Before you stake out your home, you’ll need to know how much distance is needed for a property setback. If there are setbacks, they’ll be for all sides of your property and you’ll have to make sure that all of them are accounted for.


Variances

Easements are rarely waived, but sometimes a setback can be. A variance is an officially approved exception to the zoning ordinances. If you want to build something that will violate the setbacks, you can apply for a variance with the planning office. The planning office will often consult your neighbors and they’re approval might be a determining factor on the variance getting approved.


Now that you know how big your property is and how far from everything else you’ll have to be, it’s time to mark off where you’re going to put it. If you are comfortable with blueprints and tape measurers, you can probably do this part yourself. Or you can get the surveyor or the builder out there to have it professionally done.


Rough Staking

Rough Staking

Rough staking is going to accomplish several things:

  1. It will help you finalize the layout of your home.
  2. If you have to make changes to the house plan or you need it to be moved on the lot, this is the easiest time to do it. Remember the old adage “Measure twice. Cut once."? Totally applies here.

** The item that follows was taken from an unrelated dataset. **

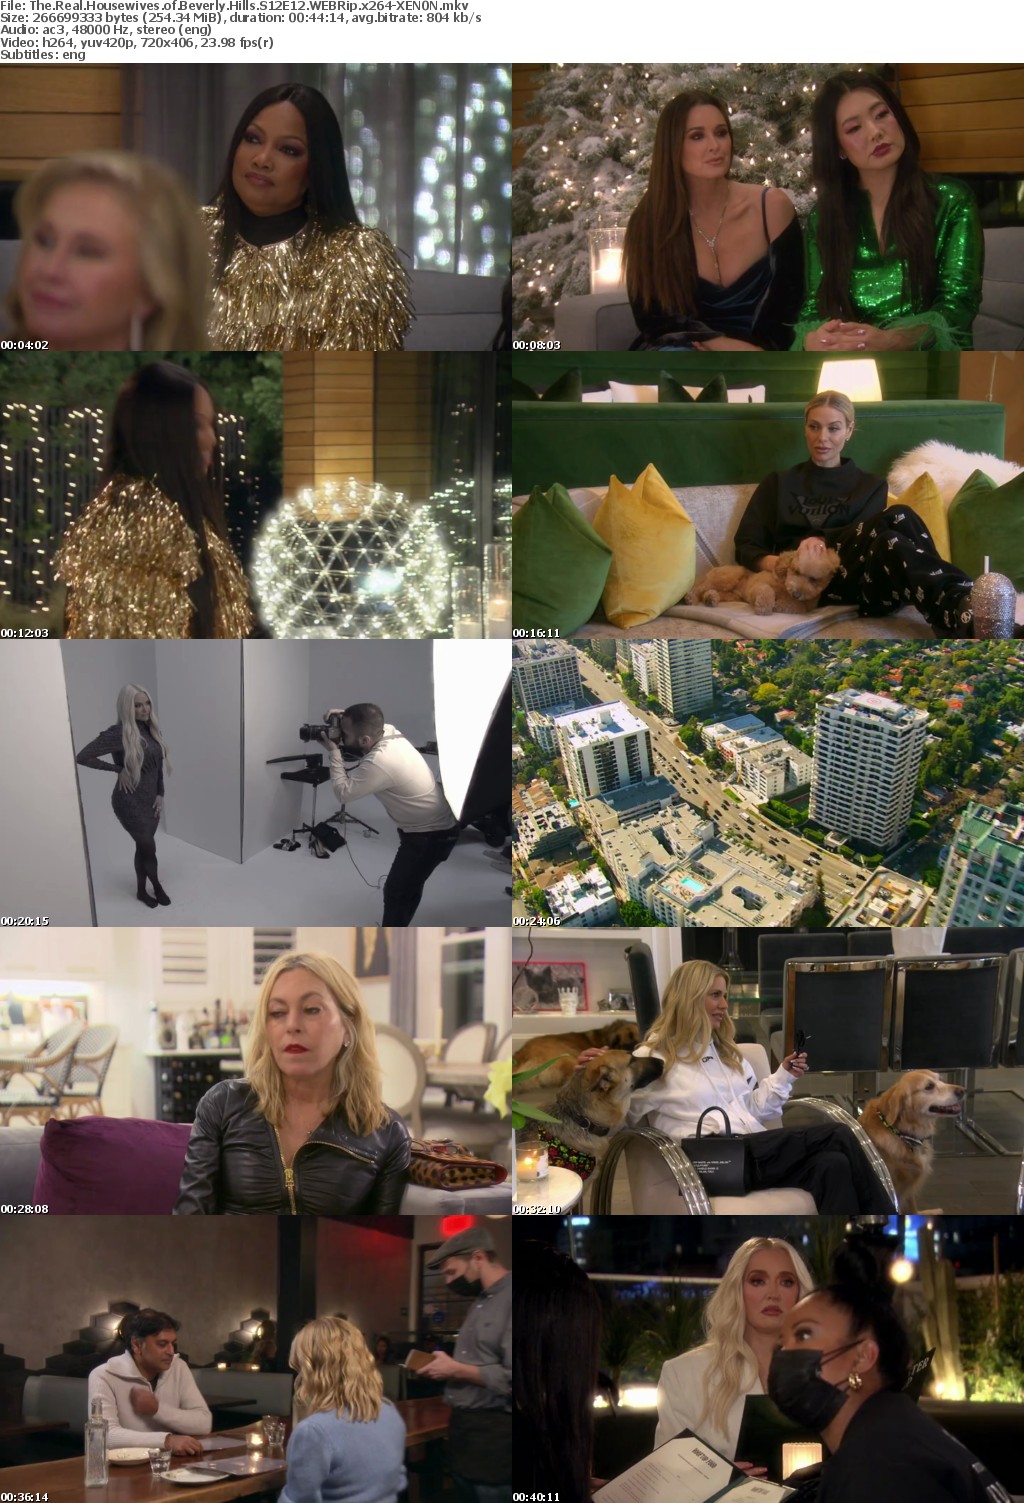 The Real Housewives of Beverly Hills S12E12 WEBRip x264-XEN0N
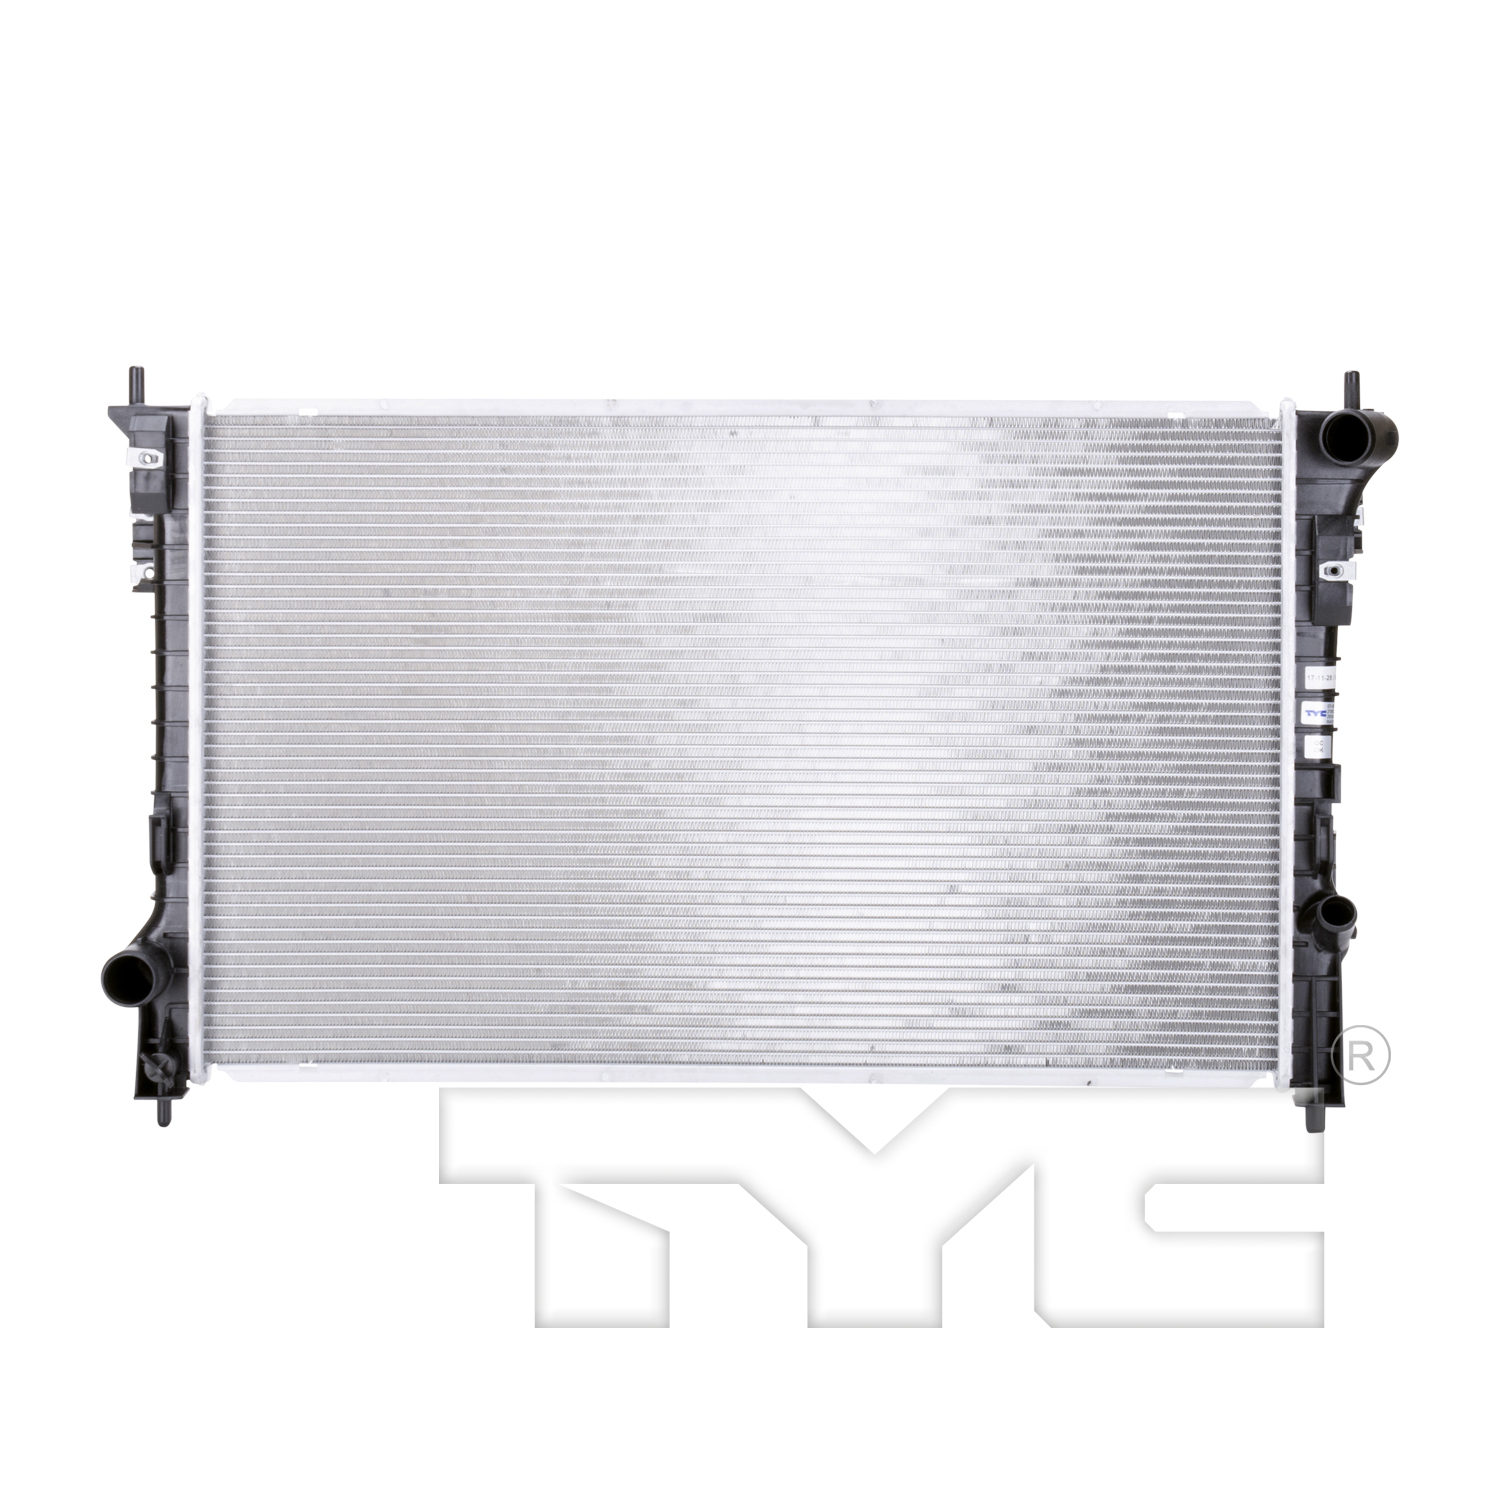 Aftermarket RADIATORS for FORD - EDGE, EDGE,07-14,Radiator assembly

  3. It will tell you what part of your plot needs to be cleared.
  4. Clearing crews usually get paid by the hour. You don’t want them to be out there any longer than necessary. So if you know exactly where they need to clear, you can make sure it gets done efficiently.

  5. It helps you find trees you might want to keep.
  6. Trees take a long time to mature to that nice shady size. You’ll need to clear some trees, more than likely. You may not want to clear them all. If there is a particular tree you want to keep, rough staking gives you the ability to move your home around it.